Means testing Social Security would fundamentally change it from social insurance (a universal system of benefits earned by all who have paid in) to welfare (a system requiring you to prove you are needy in order to qualify for benefits). As social insurance, Social Security provides a foundation of retirement security, family life insurance, and disability income protection for virtually all American workers. Benefits are an earned right based on earnings from which premiums are deducted, as payroll taxes. Social Security uses an earnings replacement concept, recognizing that there is a relationship between your standard of living while working and the benefit you need in order to achieve income security in retirement. The benefit formula already replaces a higher portion of past earnings for low earners than for higher earners. Means testing would violate many of the key principles that have made Social Security so effective and popular for 77 years. For example:
- A means test is a penalty on thrift. It creates a huge disincentive for people to save, buy other insurance, or work part-time in retirement; or for employers to provide pensions to their workers. With a means test, anything else you have reduces your benefit amount.
- A means test undermines the principle that benefits are an earned right. It destroys the link between premiums paid from wages and the benefits that are designed to replace part of those wages.
- A means test would be far more intrusive and expensive to administer than Social Security is today. Applicants for benefits would have to undergo investigations of their income and asset holdings, possibly including the income and assets of others in their households. Investigations would have to be updated frequently as income and wealth change, and benefit levels would have to be adjusted accordingly.
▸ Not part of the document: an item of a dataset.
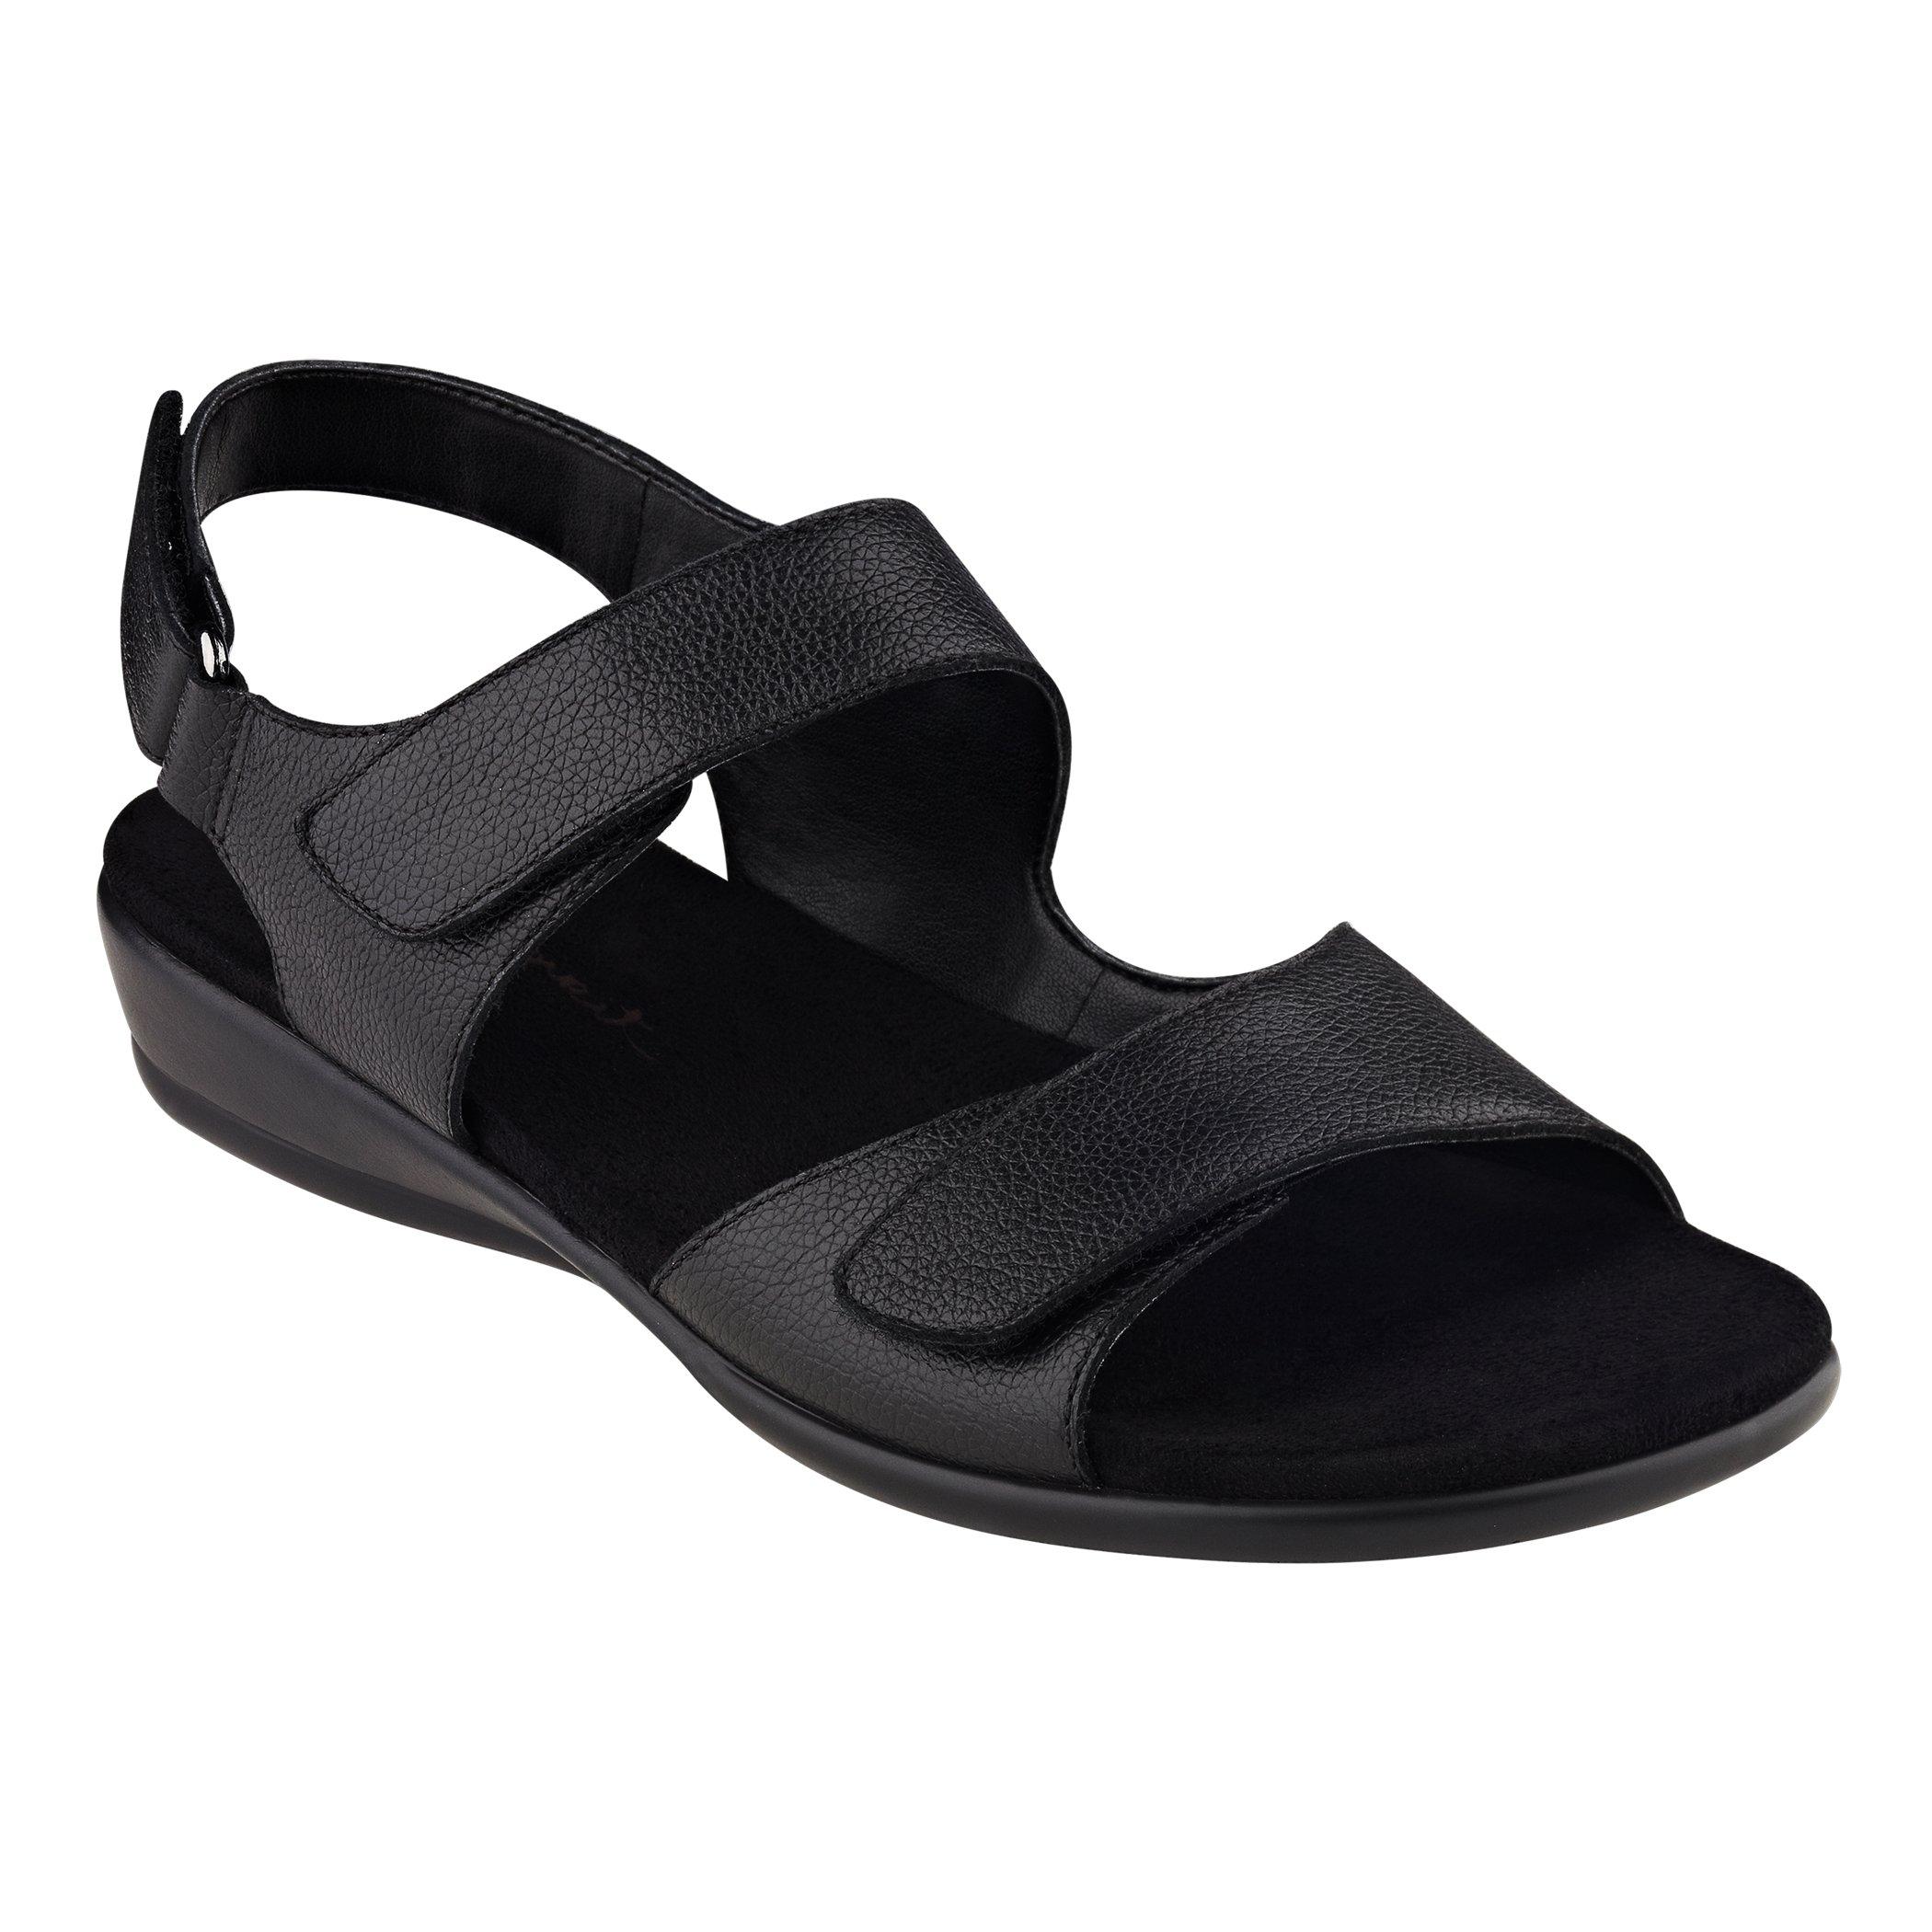 Easy Spirit Hartwell Flat Sandals in Black Leather (Black) - Lyst

Most important, means testing would likely cut benefits for the broad middle class, because only a very small share of benefits goes to wealthy people. Only 2 percent of benefits are paid to people with more than $100,000 in other income. One plan, which features means testing and other Social Security benefit cuts, illustrates the problem. This plan would shrink total Social Security benefits paid by 45 percent over 25 years. To cut spending so much—especially when the baby boomers will be in their 70s and 80s and counting heavily on Social Security—would mean deep cuts for middle-class retirees, such as nurses, teachers, firefighters, office workers, and small-business owners.
Means testing Social Security would undermine much of its core strength, turning it into an unpopular welfare program while sharply reducing the adequacy of Social Security benefits for middle-class baby boomers and younger American workers.